There is also a third, distributed hybrid approach. Different information systems use simple controllers to give minimal standardization, while the application server, instead of doing the controllers' jobs, is left only to reroute information and handle transactions. This makes for simpler application servers, at the cost of losing some centralization.

(Note that a whole new industry, called "enterprise management,or "monitoring piggybacked on middleware, for all three approaches. With standardized ways of connecting, came also standard ways of monitoring these various information systems, to make sure they are alive and healthy, and allowing a central place — another database! — for them to report potential problems.)

An early comprehensive solution to the centralized approach was CORBA: Common Object Request Broker Architecture. CORBA controllers would expose themselves to the network as objects, while ORBs, the servers, would handle transactions. The nice thing about CORBA is that it’s an open architecture, and different vendors, for controllers or servers, can implement it as they like. This nice thing, however, has ended up being a huge problem. Though the different technologies can communicate with each other well enough, the engineers can’t. Because there are so many different underlying technologies, spanning almost four decades of IT development, no single team of engineer can encapsulate all this knowledge. Thus, CORBA ended up being enormously expensive to employ. Microsoft has its own hybrid solution, called DCOM (Distributed Common Object Model) which works with the central Microsoft Transaction Server (MTS). Though much cheaper than CORBA, because it relies on Microsoft’s simple development technologies, it requires controllers to run Windows, and prefers clients to do so, too. (It’s this Microsoft monopoly that enterprises really worry about, not the fact that all PCs come with Windows or that Windows comes with Internet Explorer!)

Enter Java. As with CORBA, Java has its own comprehensive middleware architecture, called Enterprise JavaBeans (EJB). However, unlike CORBA, which doesn’t define the implementing technology, EJBs require Java. This restriction is actually the solution. Because Java runs on a virtual machine any controller, any server, and any client can run Java. Vendors have created Java virtual machines for an astounding diversity of platforms. IBM has especially invested in excellent Java support for their equipment, including Mainframes and the ubiquitous, multipurpose AS/400 server. Most importantly, a single team of engineers can maintain all this code centrally, using one language and one technology. They can even create simulated testing environments very easily. The Java Enterprise Edition platform is open, and many vendors have implemented it, so there’s no vendor monopoly is there is with DCOM. There are even free, good, innovative, open-source implementations of it, such as JBoss, which with it’s Seam platform offers extremely easy object self-management via Inversion of Control.

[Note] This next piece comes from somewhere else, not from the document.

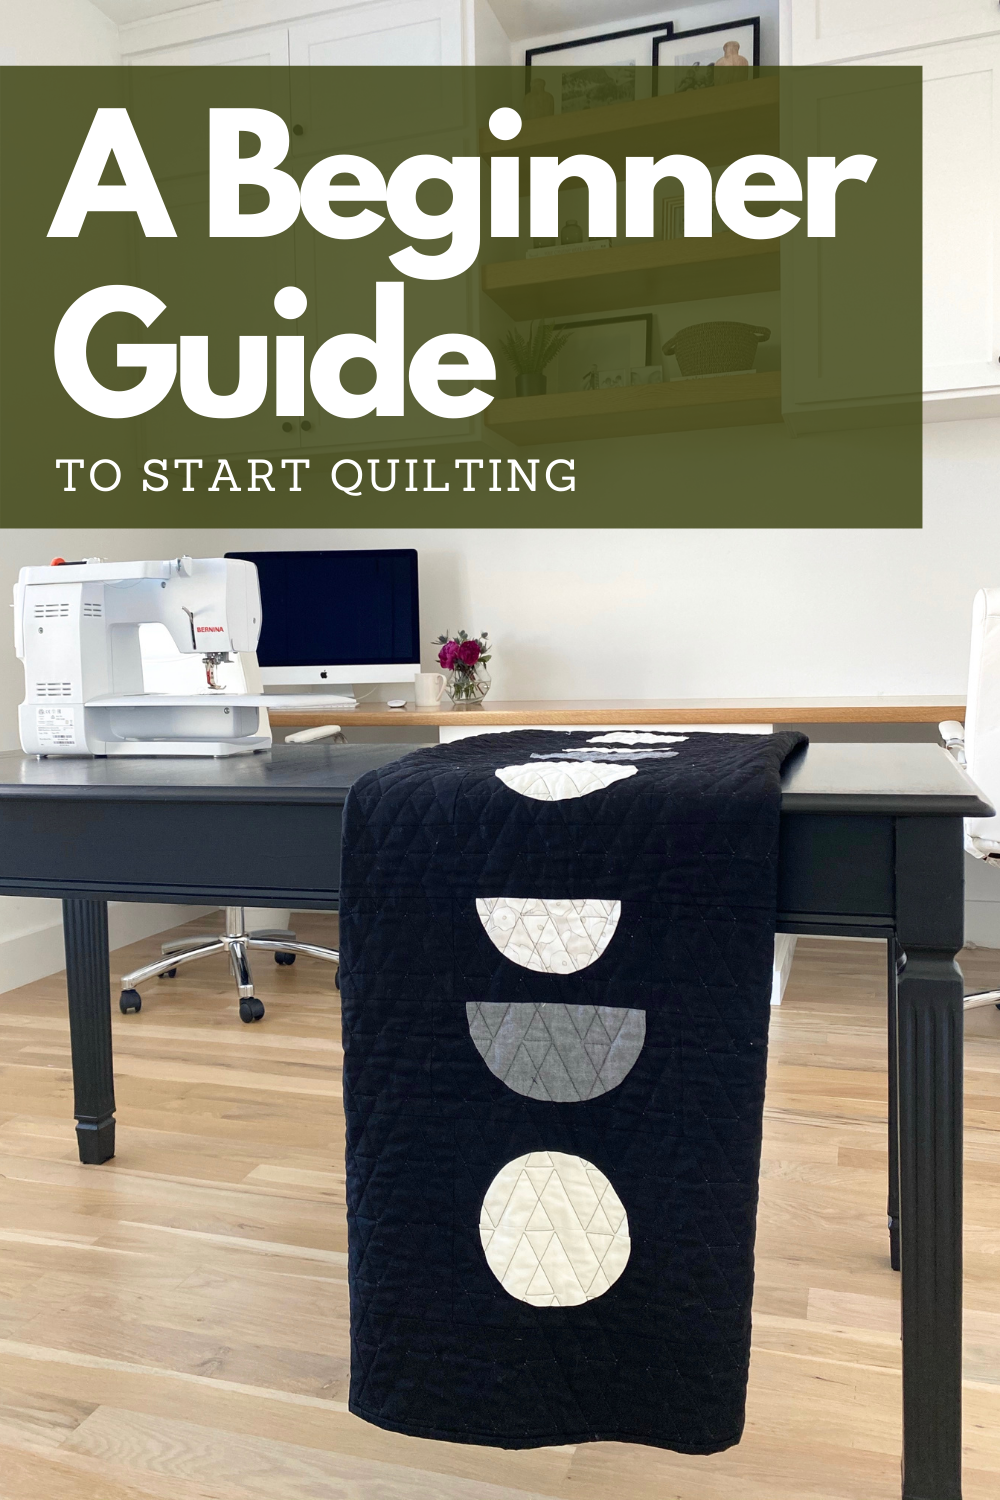 The Ultimate Beginner's Guide to Quilt Batting

On the other side of the Java spectrum, there’s Java Micro Edition, which many people will recognize from their Java-enabled cellphones. Private consumers are, as for operating systems, a side interest: the real advantage is in allowing for very cheap controllers running Java and connecting information systems to the enterprise, allowing for the hybrid distributed approach I mentioned above (Microsoft’s Windows CE operating system, which you see in many hand-held computers, was also developed specifically for controllers). There’s even a standard technology called JINI, which allows local networks of these Java-enabled devices to more-or-less manage themselves.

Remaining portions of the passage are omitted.